First, to better understand plasma cell phenotypes within their tissue microenvironment in breast cancer, we have collected and generated large datasets from a set of 6 individual untreated breast cancer patients, diagnosed with either Her2 positive tumors or Triple Negative breast tumors. We selected these patients since they are more likely to have high immune cell infiltration in their tumors and in the case of TNBC, lack targeted treatment options. For these patients, we have collected samples from several different tumor regions and generated datasets that include all immune cells (including plasma cells), tumor cells, spatial transcriptomics, exome sequencing, protein content, and antigen receptor information. We have found that: the amount of plasma cells (and the related B cells) varies greatly between patients, that the number of plasma cells per tumor is likely underestimated using single cell transcriptomics methods, that breast tumor tissue contains high antibody content, and that tumor-associated antibodies most commonly are of the IGG, IGA, or IGM isotype. In developing a map of plasma cell interactions with tumor cells directly, we have also set out to develop the tumor clonal evolution within the same samples. To do this, we have profiled the tumor cells in depth to understand their lineage relationships and how they relate to each other. Then we have used the spatial transcriptomics data to map these tumor cell clones within the tissue. This work will help to understand the interactions between distinct plasma cells and the tumors. This work is on-going and we are working towards generating a draft for publishing these results.

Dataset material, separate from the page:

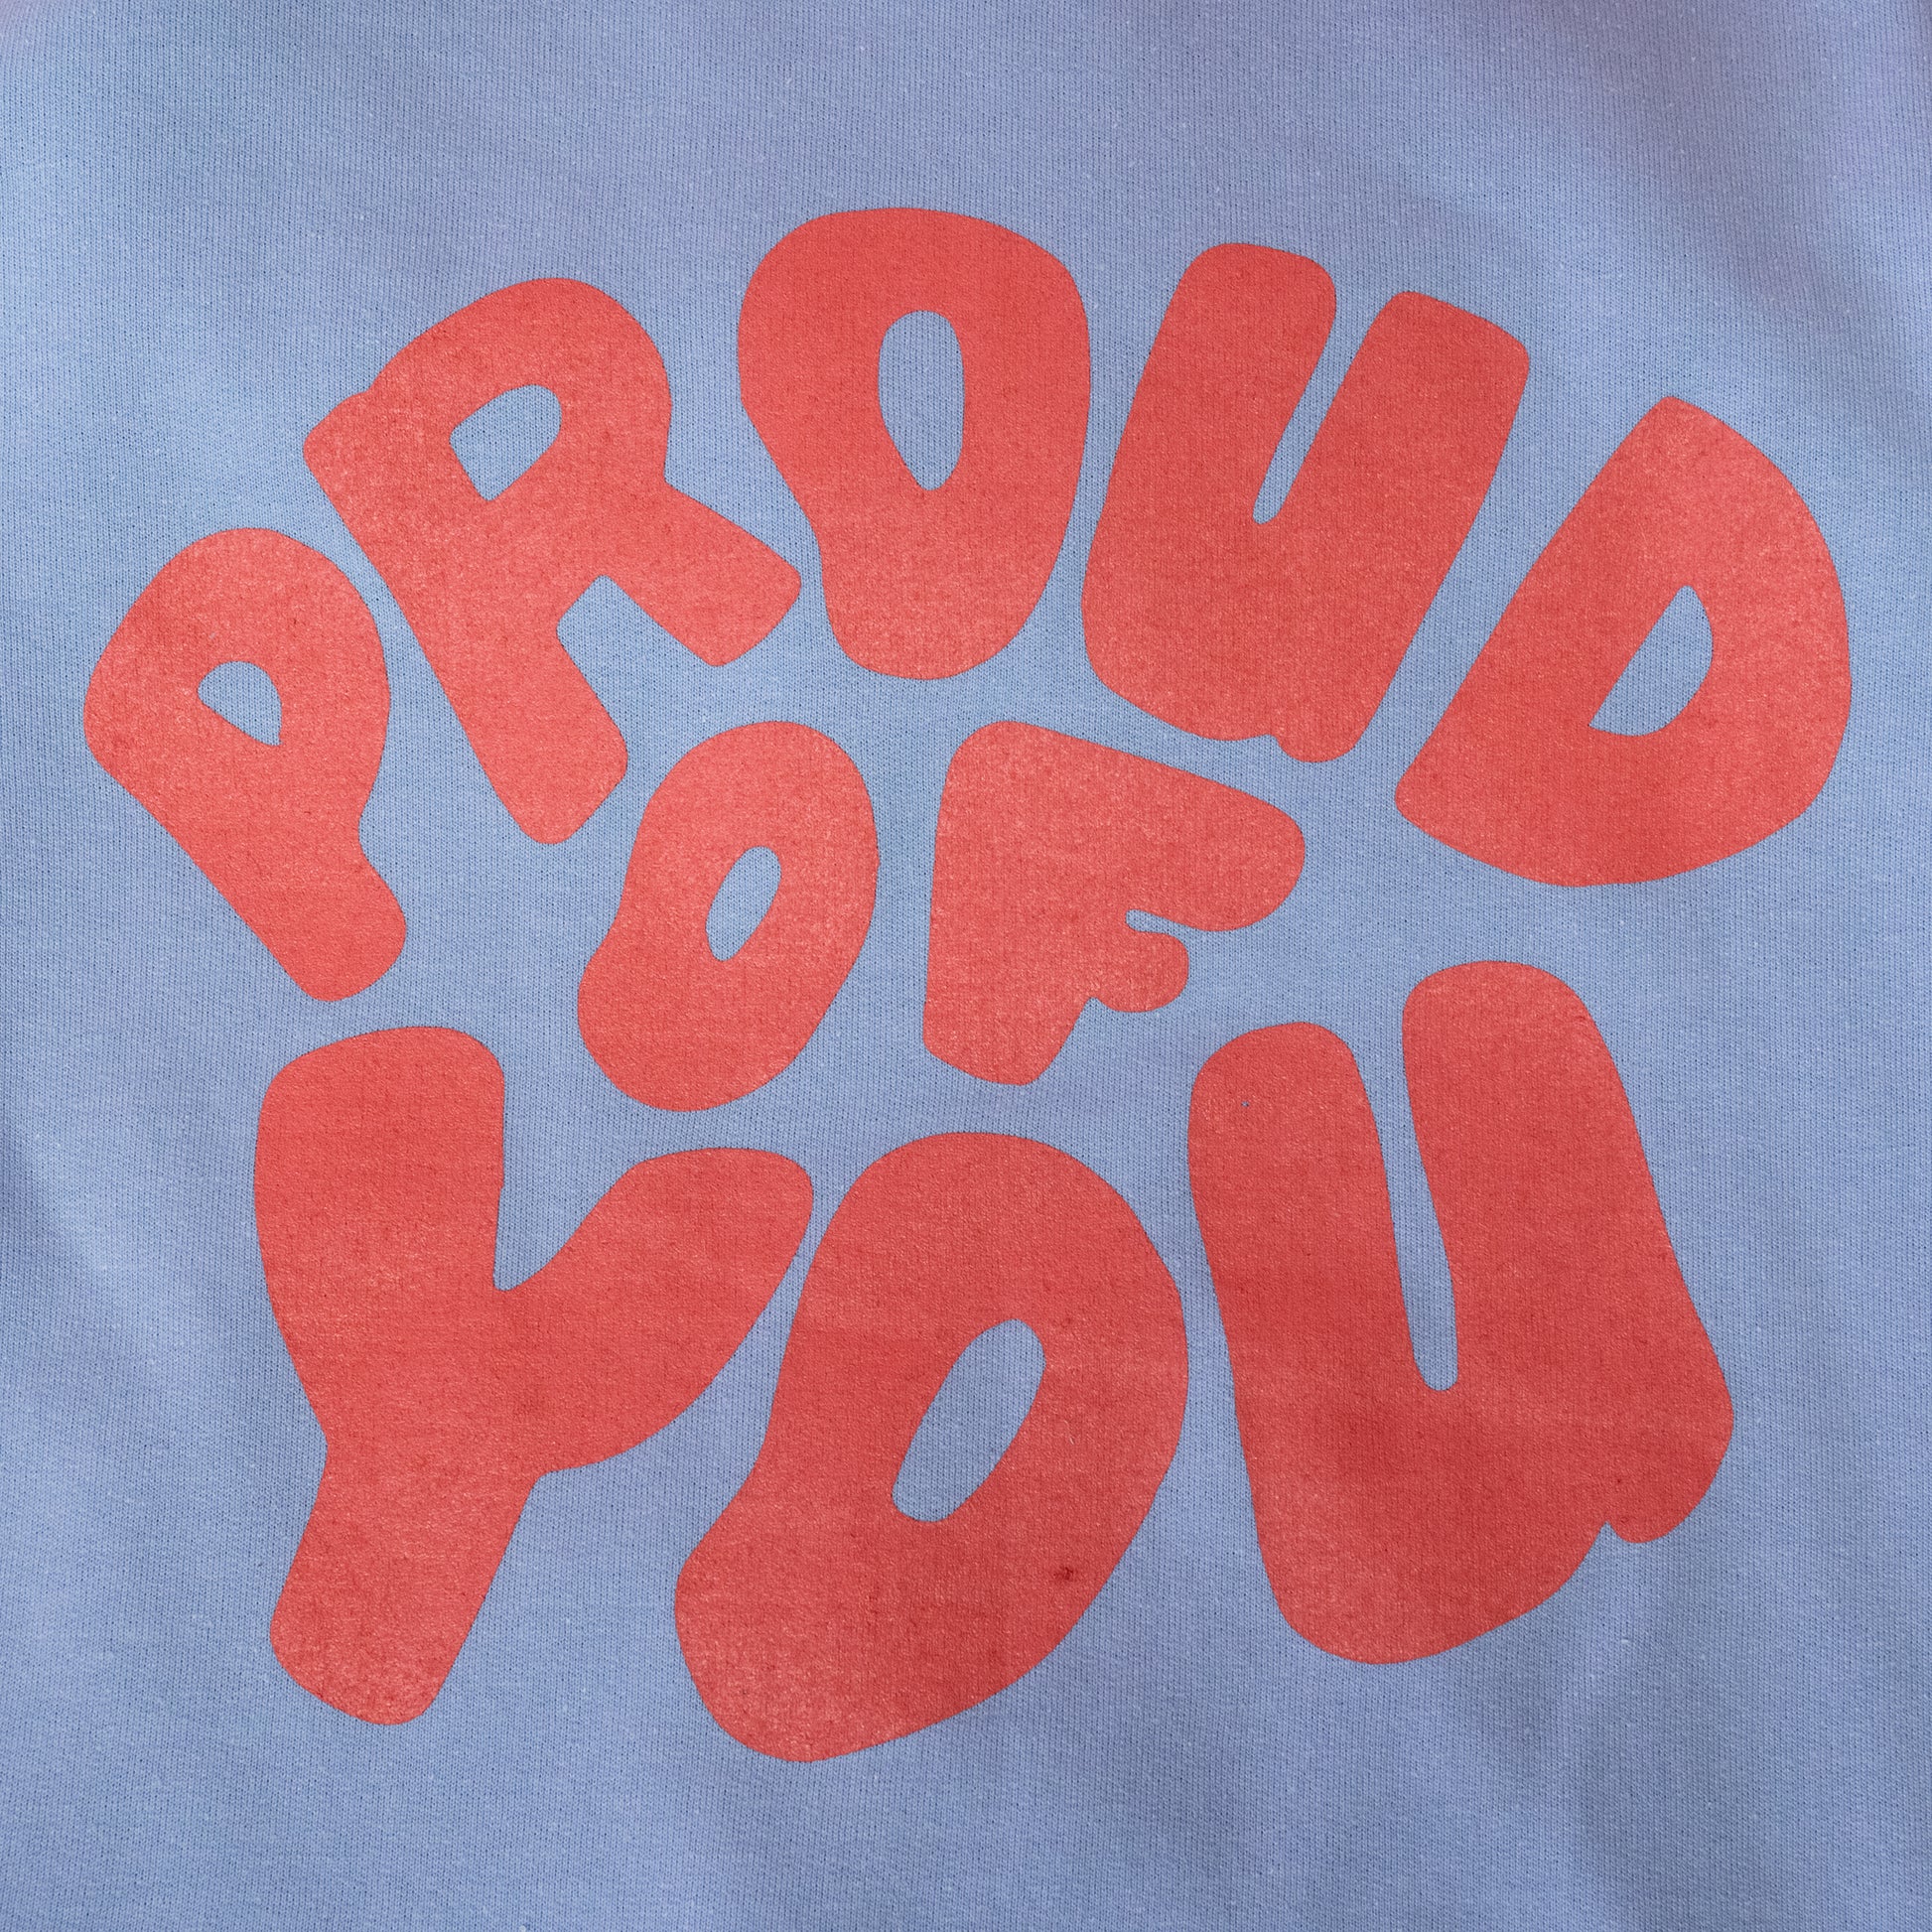 proud of you pink writing on sweatshirt

Second, in parallel, I have contributed to understanding plasma cells within breast tumors using already collected patient material from HER2 positive breast tumors (Andersson et al. Nature Communications 2021). Here, we found that: plasma cells located away from tumor cells and B cells, but instead located proximal to other immune cell types, including macrophage subsets. In this published article, we also developed a tool to predict the location of tertiary lymphoid structures in tissues using spatial transcriptomics data. These structures are important activation centers for immune cells, including B and plasma cells, within tumors (and other inflamed tissues). Together, these findings can form the basis for future functional studies into the mechanisms and roles of these interactions. These results have been published and the corresponding datasets are available to the public.
Third, to better understand plasma cell lineage relationships (i.e. using the B cell receptor as an endogenous cellular barcode to track cells) and antigen receptor information within breast tumors, we are using these generated datasets to extend the spatial transcriptomics method to enable measuring these aspects in tumor tissue sections. This method is expected to be applicable to understanding plasma cell biology beyond breast cancer, including in the context of infection, vaccine responses, and autoimmunity.